Ode to Basil is a large painting, eight by four feet in size, landscape format. It is one of a series of colourful rants. Some might call it therapy, but it’s more than that. Finding your voice within the strict parameters of drawing and painting, amongst the heritage of Western Art practice isn’t easy. Currently artists have turned their backs on the simplicity of drawing and painting, in favour of attention grabbing gimmicks.

Colourful painting Ode to Basil by Alan Dedman. Here Basil is portrayed as a publican.
As publican

Here, I take pleasure in a riot of expressive colour and furiously scribbled brush-work. ‘The brief’ – if it can be called that, was to make a painting about the death of my father. I thought Ode to Basil might help me move on from such a significant event.

About ‘Ode to Basil’

The crazed aspect of my oeuvre contributes to power of expression. David Hockney writes for the Art Newspaper, ‘abstraction is now over’ – but considers it as a figurative artist – not in terms of markets, collectors or educators. ‘Meaningless‘ marks are like free jazz. Without extemporization, you are less able to utilize nuance, gesture and happy accidents. Then there is what an artist actually feels and senses during the process. Over time I have learned to leave my ‘good boy’ paintings – and just go beserk with a paint brush.

Ode to Basil Colourful painting by Alan Dedman about the death of his father.
Ode to Basil

My relationship with my father wasn’t particularly great. He seemed to care until my younger sister was born, then dropped me like a hot potato. The sun shone out of my sister’s arse; from that point I was always in trouble.

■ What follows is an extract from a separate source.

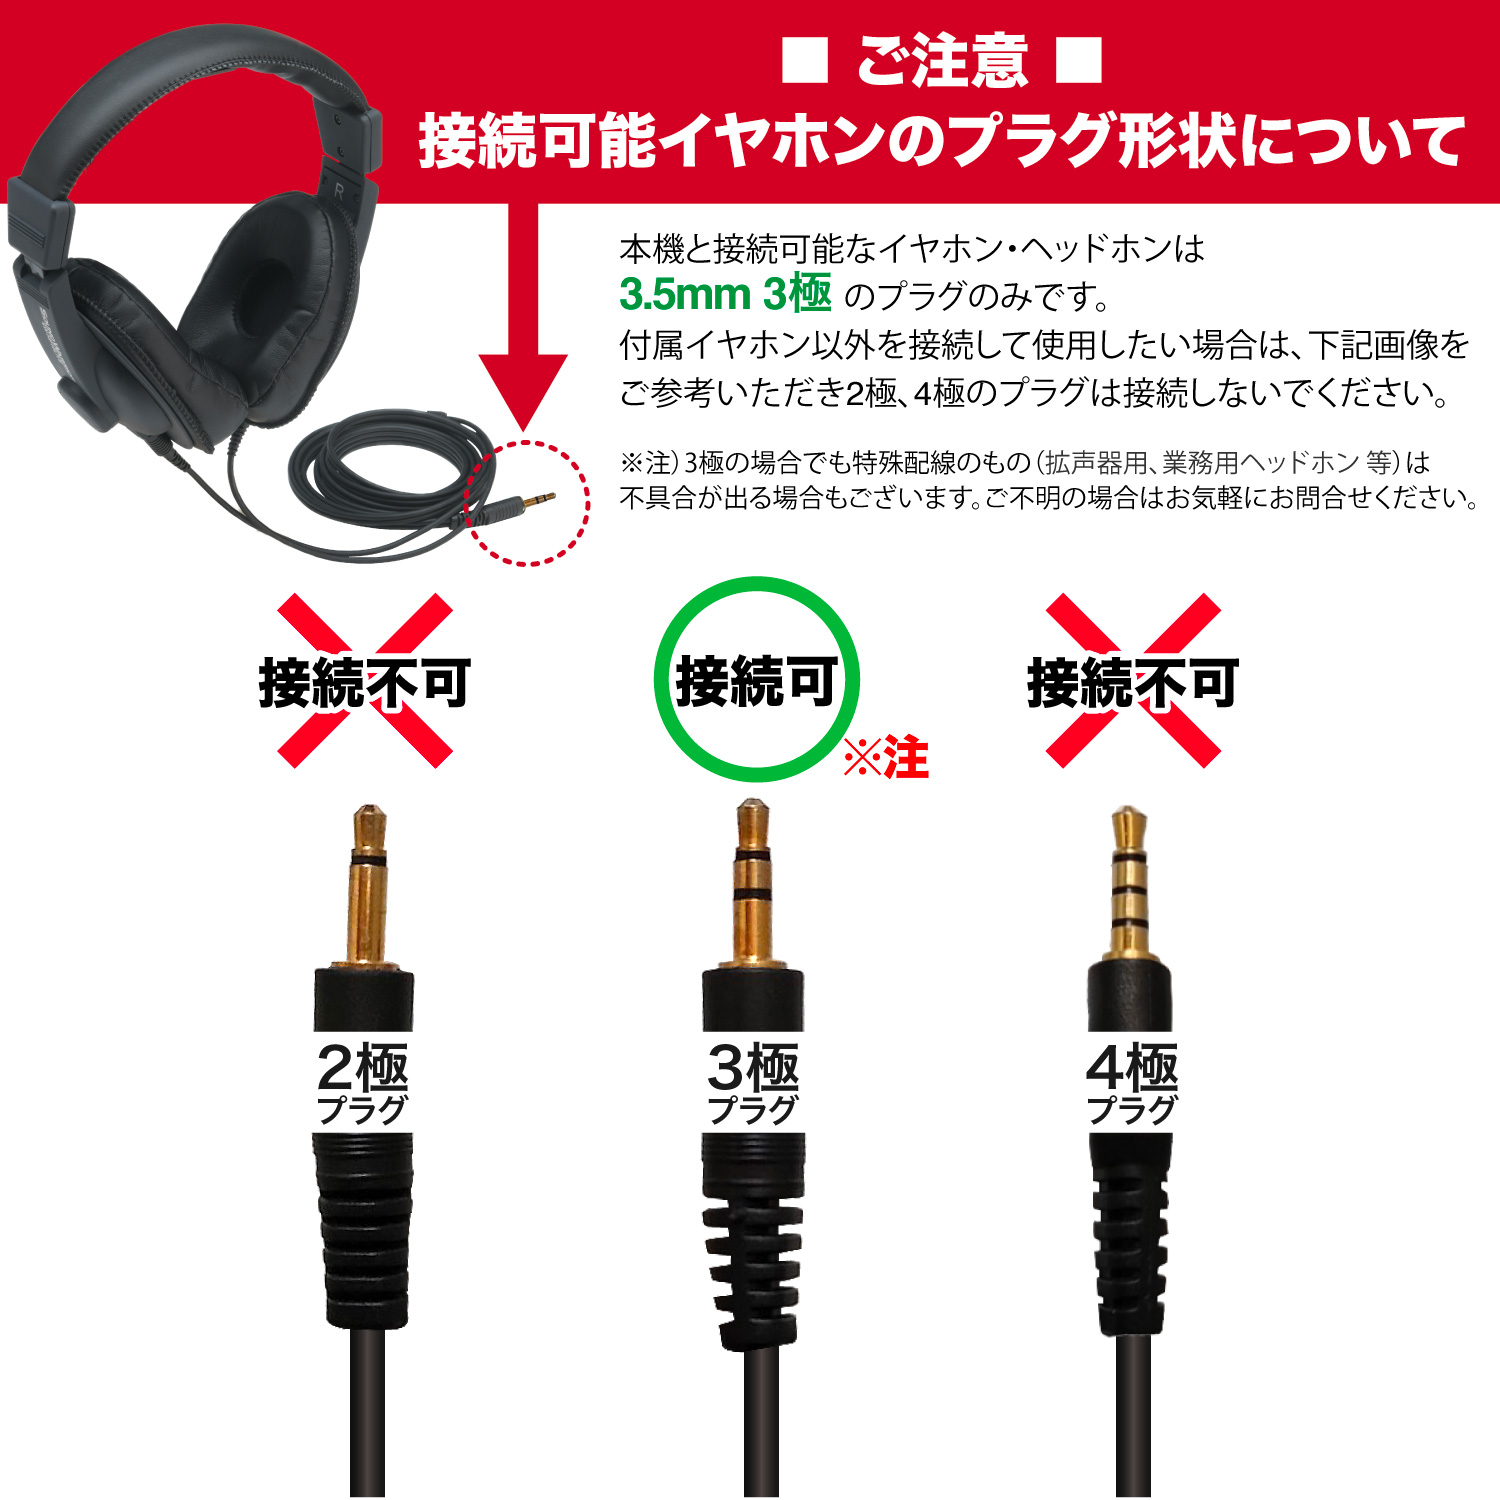 SW-NS1】手持ちのイヤホンやヘッドホンは使用できますか？ - soundwarrior

He disapproved. The sort of Edwardian disapproval effected with thunderous brows, harrumphing etc, eliciting a state of enduring, queasy guilt. Before my sister arrived he spent time teaching me to draw, supplying paper and pencils from an office where he worked.

Page from Basil's Brighton Technical College exercise book showing drawing lesson for Alan
Me learning to draw with Basil: page from his Brighton Technical College book

For much of my childhood I played on my own. This often consisted of writing stories and drawing whilst in my bedroom. However, Art became a kind of prison, rebellion against the parental status quo was necessary. At the age of six, I shat in my dad’s wellies and painted mad dogs and bums on the inside of  the packing shed doors, with a paste made from fertilizer and water – like you do when you are a child. If a paediatrician or psychiatrist witnessed the situation, I’ve no doubt they would have raised an eyebrow or two. If our little boy behaved similarly I’d want to know why.

Ode to Basil has four portraits of my father in it, at various stages of his life. The recumbent one – is from a sketch I made in the last few months prior to his death. The others show him as a father next to me, at Waterperry and as a publican (extreme left) and whilst serving in the RAF. Working with prints from a Kodak ‘Brownie’ and my own sketches, I felt no need to finish these portraits.

Sally our guard dog. Black & white Kodak Brownie pic from 1962
Me and my guard dog circa 1962

I started to include an image of our pet dog Sally, who used to guard me in my play-pen. But revisited the mad-dog theme; putting one of my child-hood glyphs for a bum in the sky above, next to my father’s dying visage. The painting looks good on screen and I think served it’s purpose. It was quite depressing to dwell upon my late father for the duration of the work. I like the colour – predominantly blue, coming from his RAF uniform and the September skies under which he was born. Complementary contrast is effected with oranges, yellows and reds. The violent, gestural brush-work expresses some of the anger I feel.

Mad dog by Alan Dedman colourful rendition of crazy dog with snarling mouth
Mad dog

My parents were rubber fetishists, something which began for my father when hospitalized with Scarlet fever. Part of the treatment for this (back then) consisted in using rubber sheets. The fact my dad could have performed the opening rushes of ‘The Great Rock and Roll Swindle’ doesn’t really bother me. But keeping up appearances on my parents’ behalf did, because it took such an effort. Like being permanently stuck in a Harold Pinter play, neat side parting and good grades, always behaving myself – conforming. Maintaining the pretence everything was ‘tickety-boo’, wholesome and middle-class.

At times it is necessary to pretend but when pretence is mingled with arrogance, it becomes ugly. Pretence (and arrogance) abound amongst artists, Art students, Art college staff and the wider arts community. It seems down-to-earth pragmatism is never fashionable and honesty gets sneered at. To the peddlers of bullshit and all the young pseuds I say: ‘I fart in your general direction….. in fact I shit in your wellies and pray for rain’.